Como he vivido muchas veces la defensa de estos intereses en personas ajenas a mí, sé lo importante que es en términos de justicia formal y material. Pero como, al mismo tiempo, mucho tiempo, he peleado por mi propia situación, soportando que se ponga en duda mi capacidad como padre, más o menos veladamente; que se cuestionen mis verdaderos intereses con respecto a la custodia, reduciéndolos mezquinamente al aspecto económico, aunque ni lo nombre; y, por encima de todo, que se menosprecie a mi propia familia (estupenda, vibrante, comprometida y amante), sometida al escrutinio moral -perfectamente inmoral- de algunos virtuosos del cinismo, he comprendido que no es solo importante, sino un giro vital.

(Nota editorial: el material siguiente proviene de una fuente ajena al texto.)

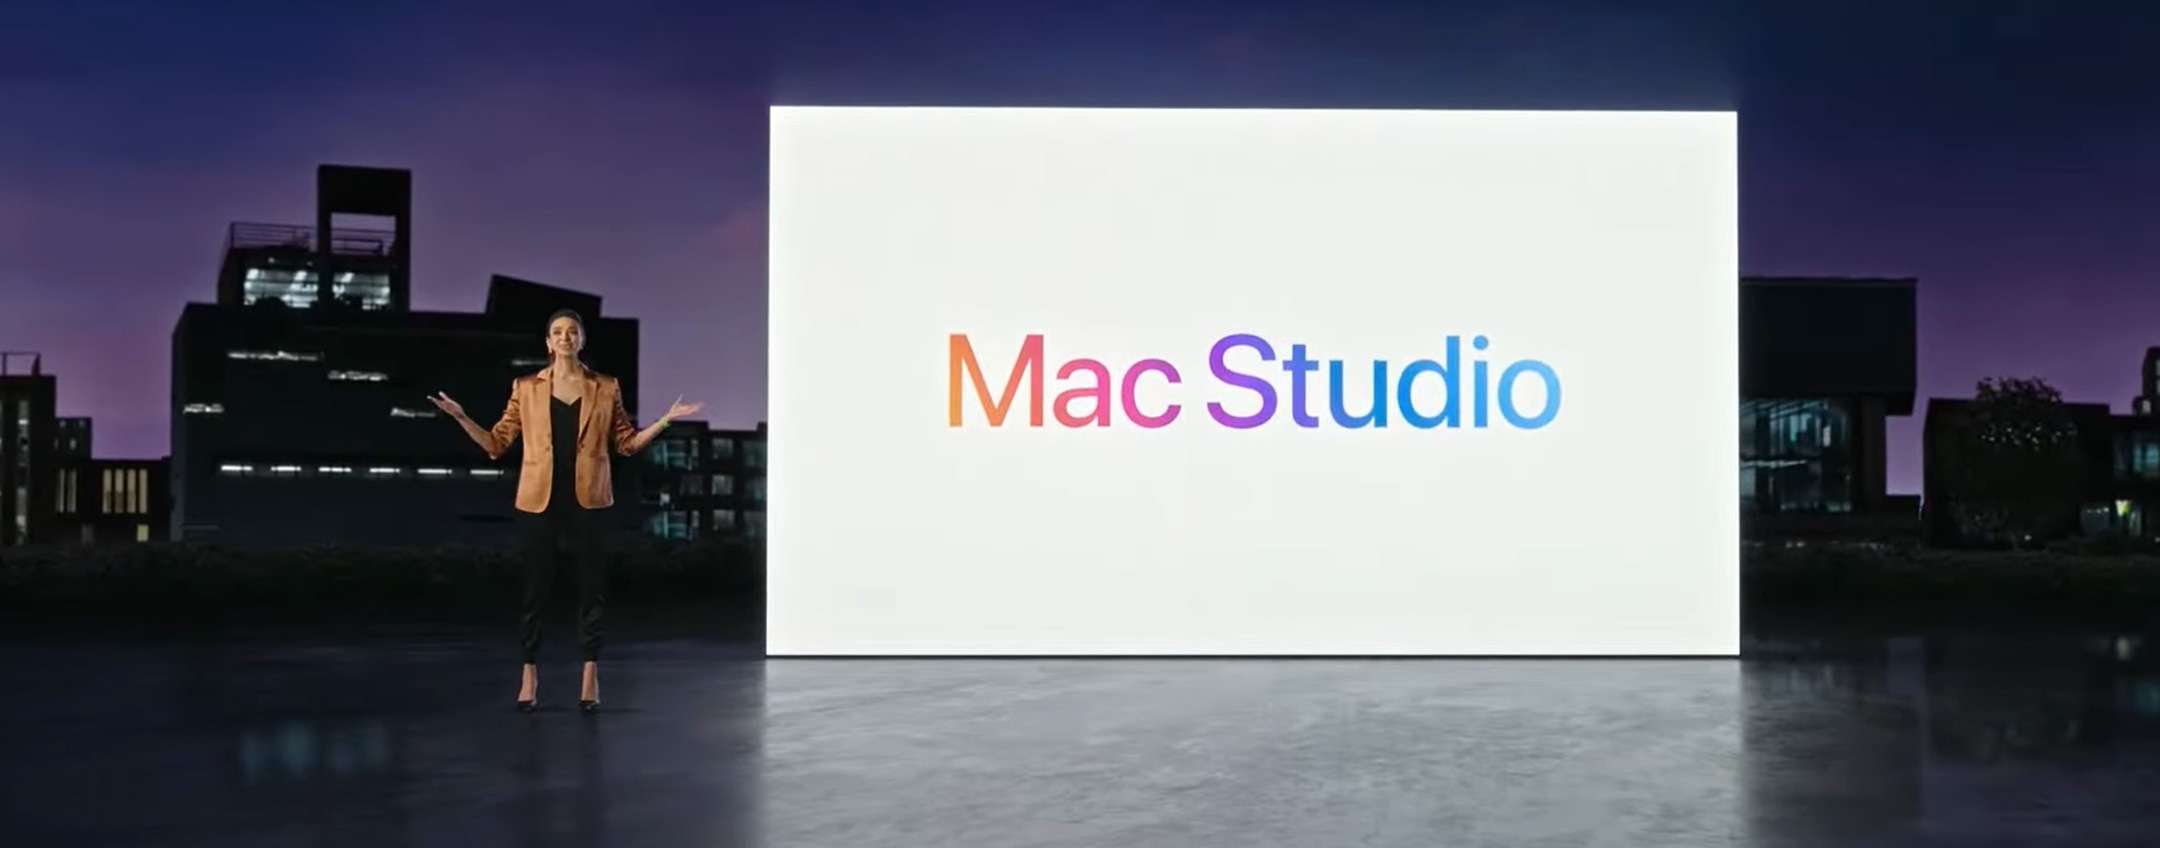 Quanto costa il Mac Studio super accessoriato?

Me escribió alguien querido el lunes pasado, cuando comenté lo feliz que era por tenerla, que se alegraba mucho por nosotros, pero que le apenaba tremendamente parte del relato: la larga batalla. Me decía: "¡Qué lejos está ese lenguaje de mi corazón!". Sé que me quiere, y mucho además. Le respondí que a mí también. Ojalá no hiciera falta pelear, pero lamentablemente en pocas ocasiones se consigue sin más. Las cosas son como son. Parece pensado el sistema para no pedirla, para no lograrla, para aburrirte o condenarte. Y hay que rebelarse. Hoy cumplo 43 años. Y éste es mi regalo. Mi vida no ha sido ligera, y me temo que no lo será en lo que quede, pero tendría que nacer de nuevo y caerme al suelo con estrépito el mismo día para impedirme pelear por estar con lo que más quiero del mundo. Aunque perdiera mil veces, aunque sufriera mil años. Exactamente igual que cualquiera de vosotros que hoy seguís peleando. Os lo dije: no os rindáis nunca. A veces la Justicia lo inunda todo. Y eso es extraordinario.